• GIVEN INFORMATION:
________________

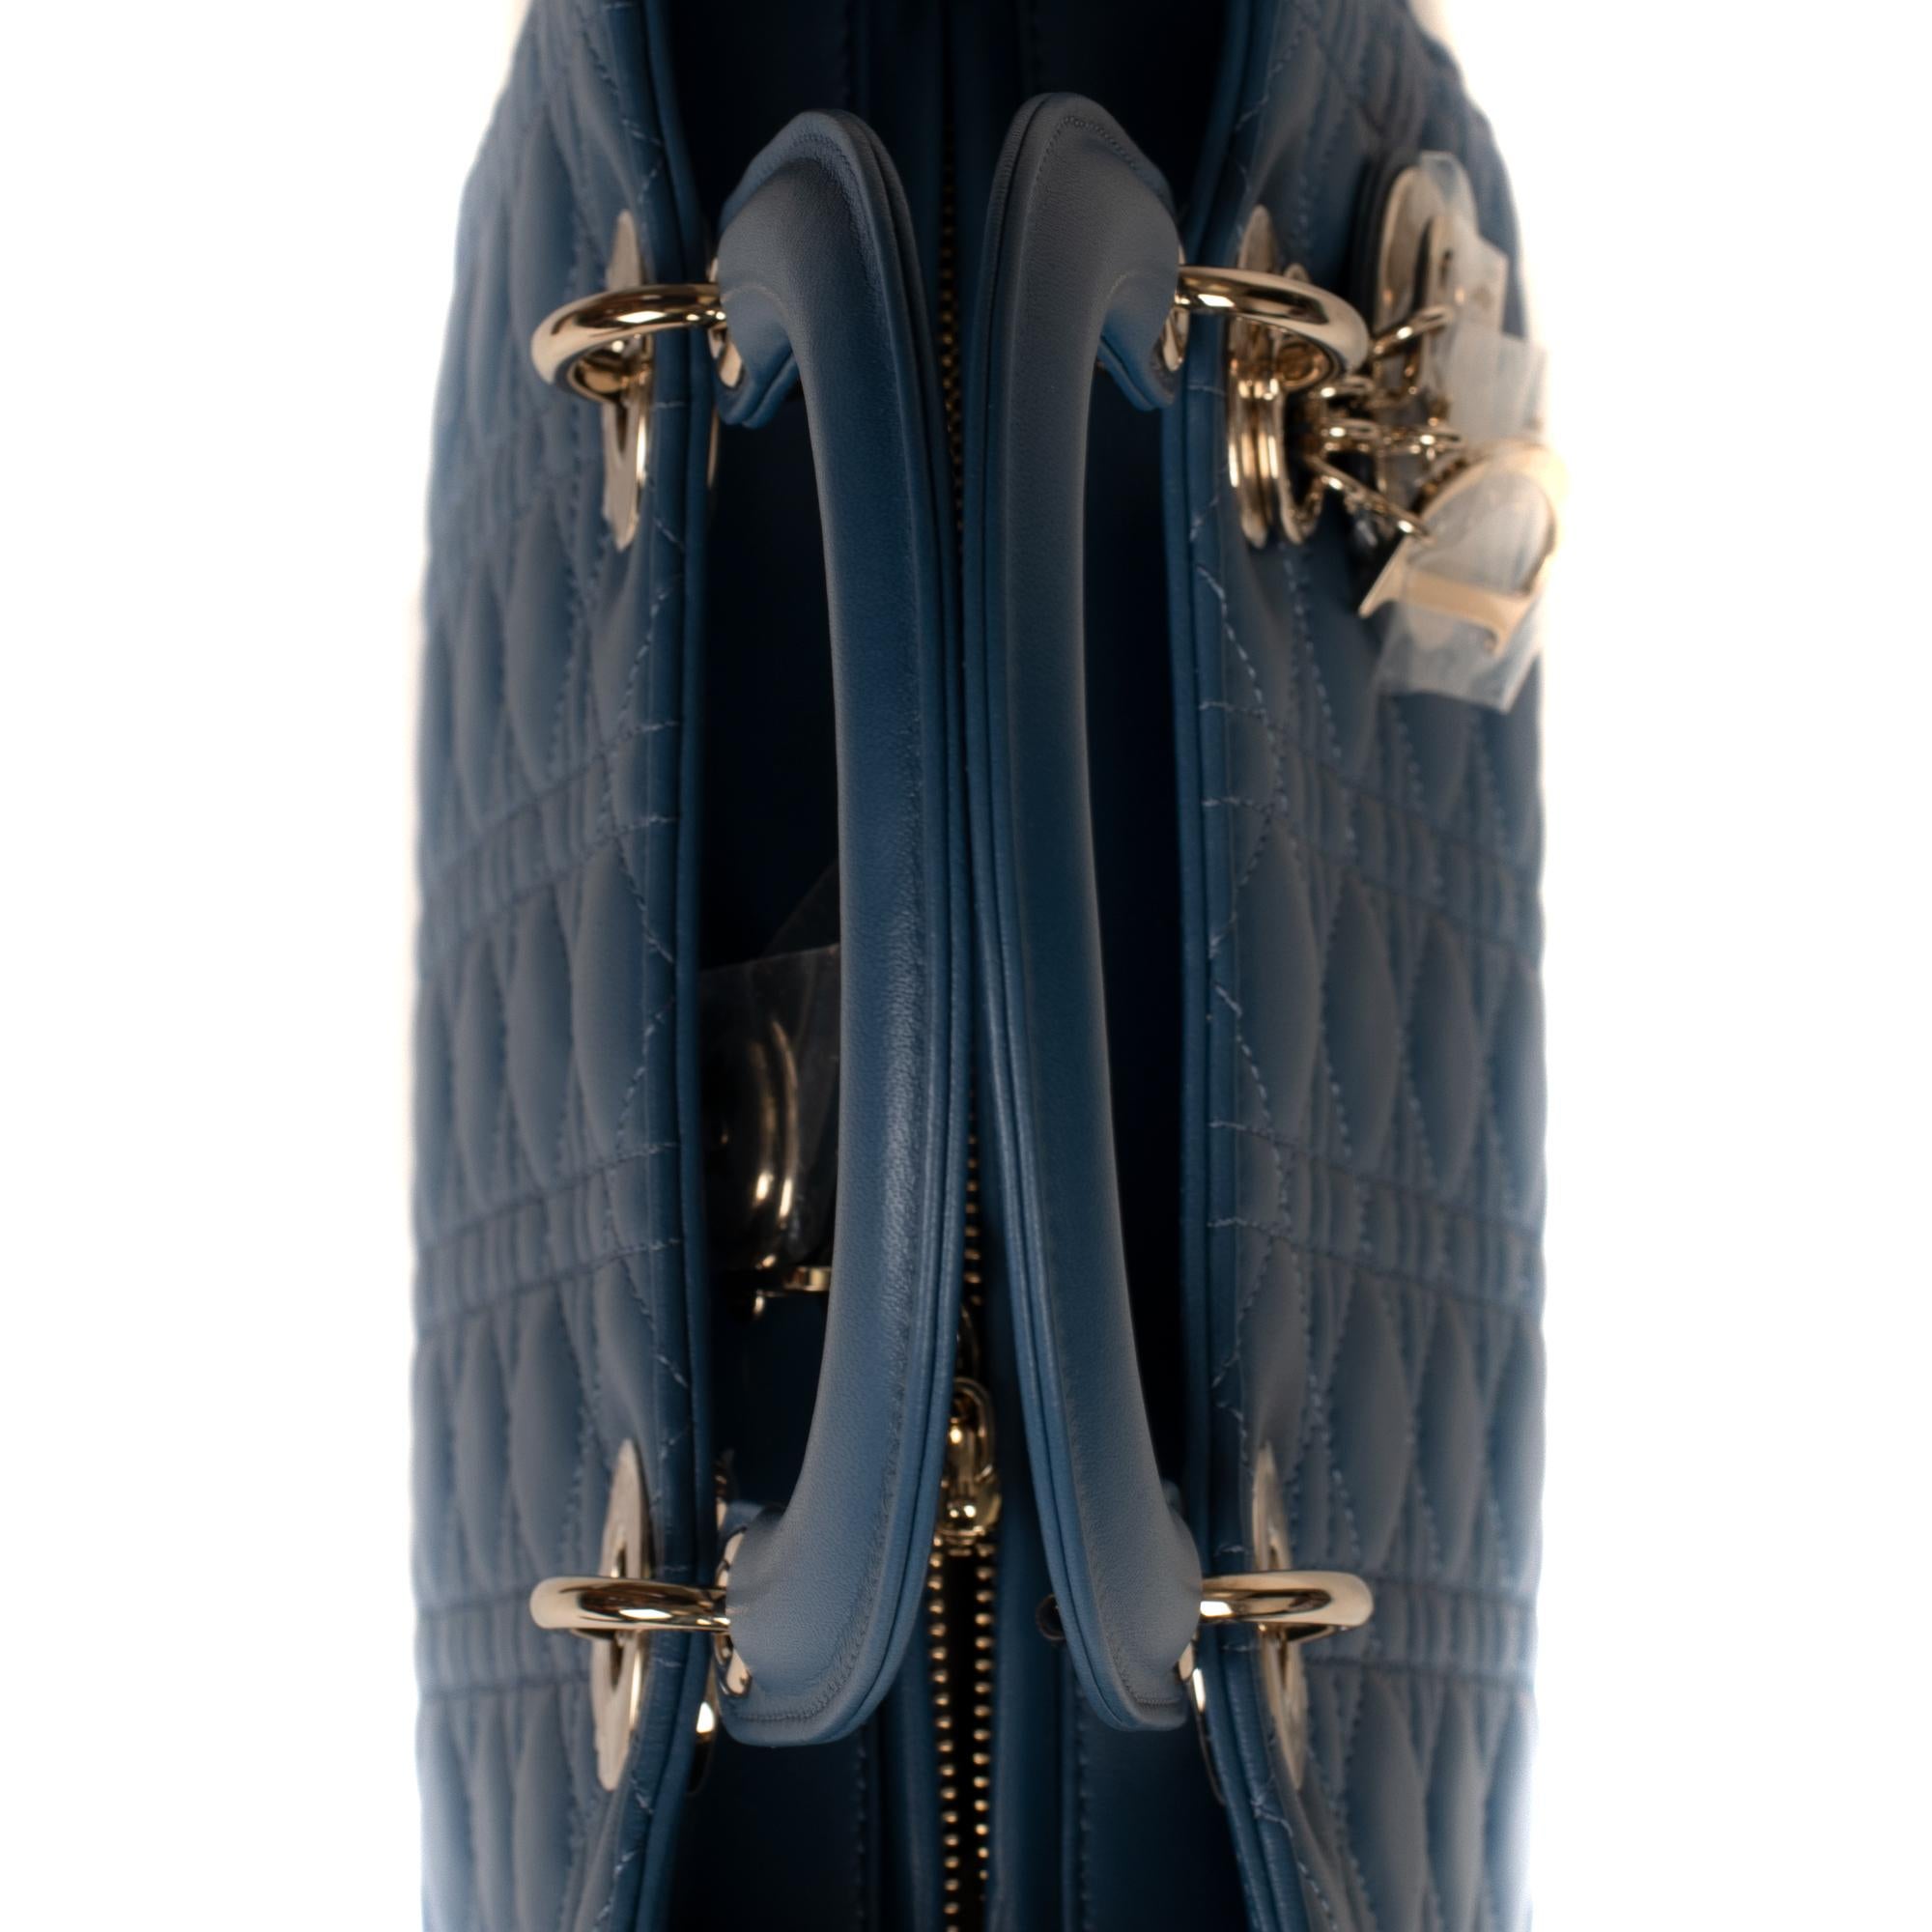  Christian Dior Lady Dior MM (Medium size) handbag in blue cannage leather, PHW 3
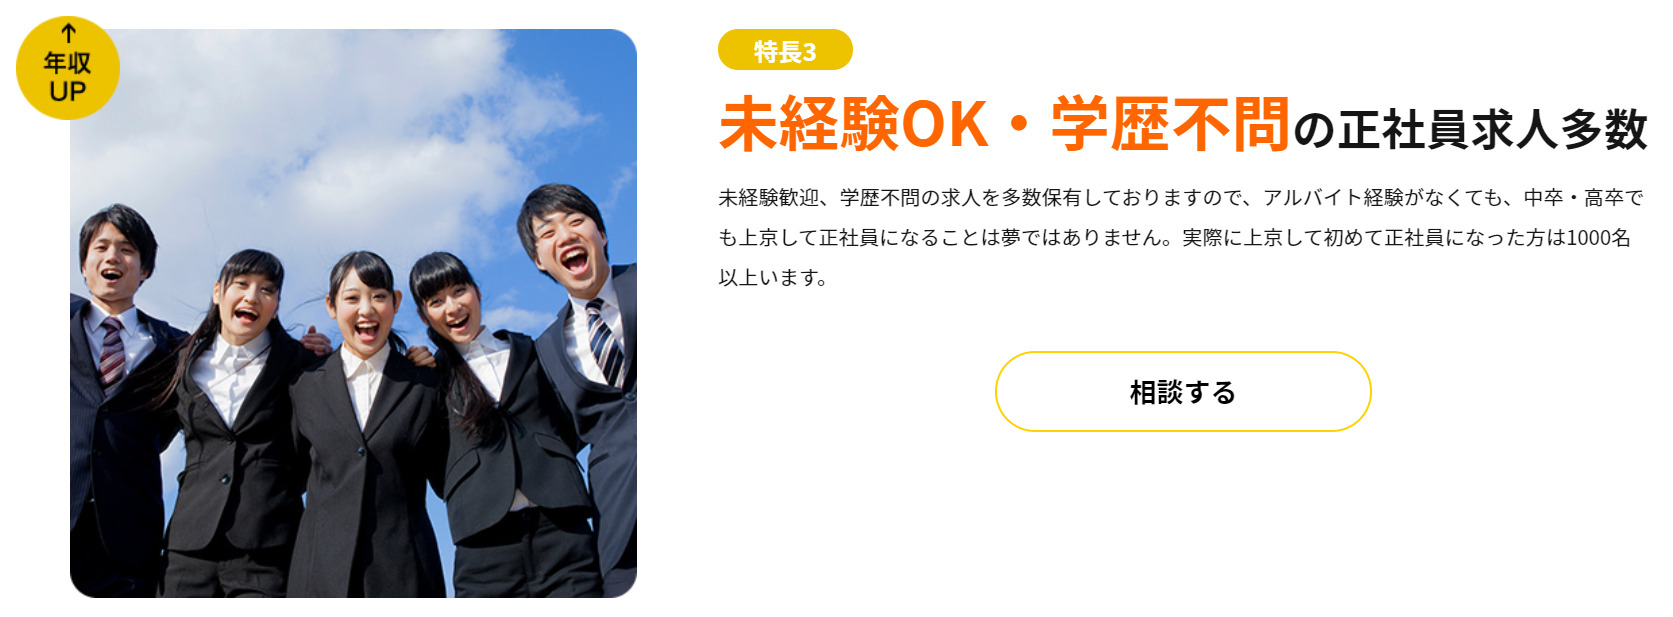 miyako-ticket-Inexperienced-ok.jpg
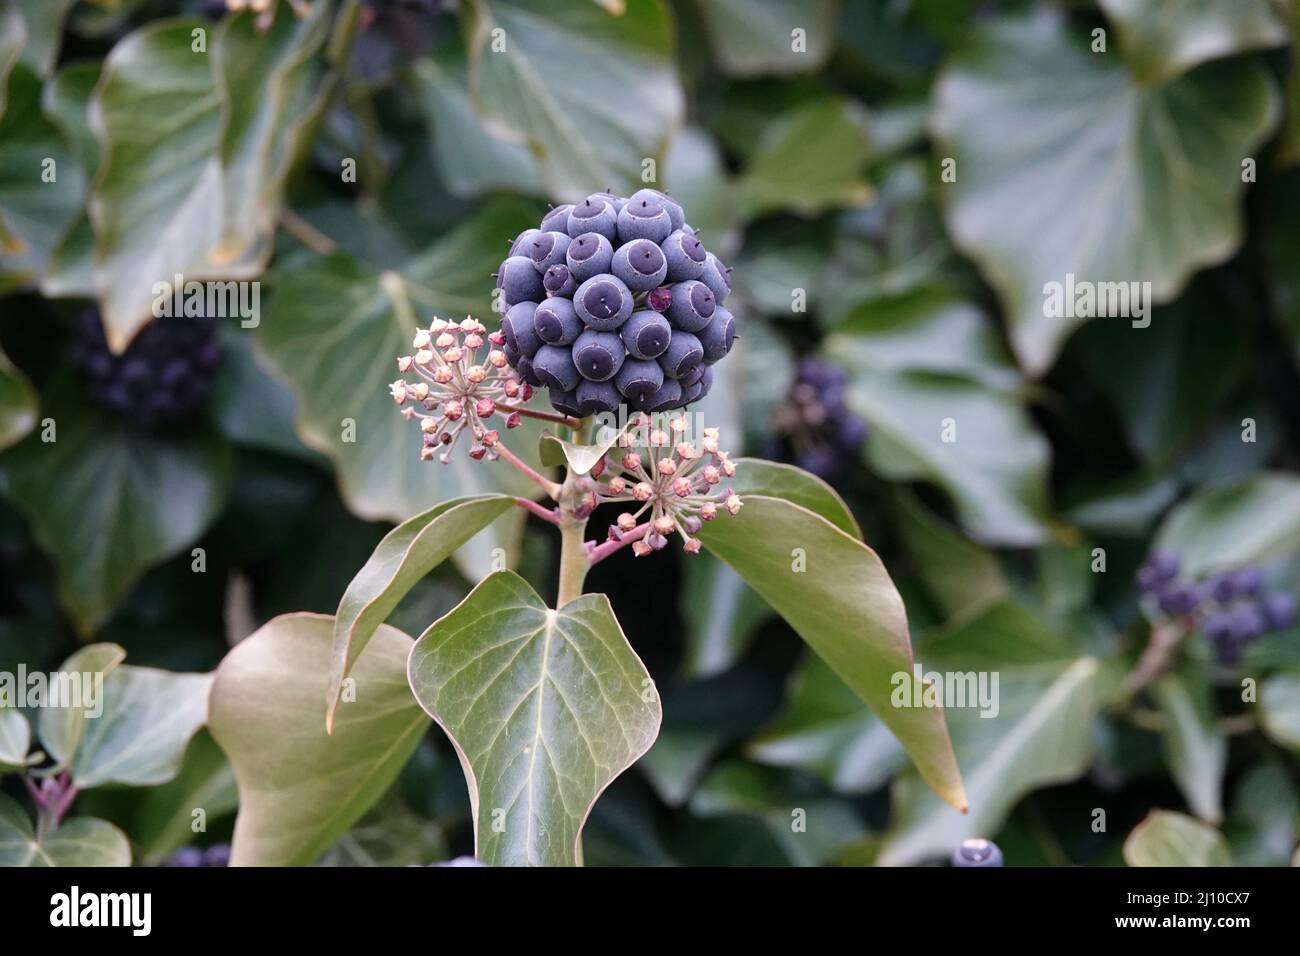 Purple ripe berries of common ivy Stock Photo

________________

• PROMPT:
Copy all of the data word for word, and keep the pictures out of it.

• REPLY:
  Christian Dior Lady Dior MM (Medium size) handbag in blue cannage leather, PHW 3
 miyako-ticket-Inexperienced-ok.jpg
 Purple ripe berries of common ivy Stock Photo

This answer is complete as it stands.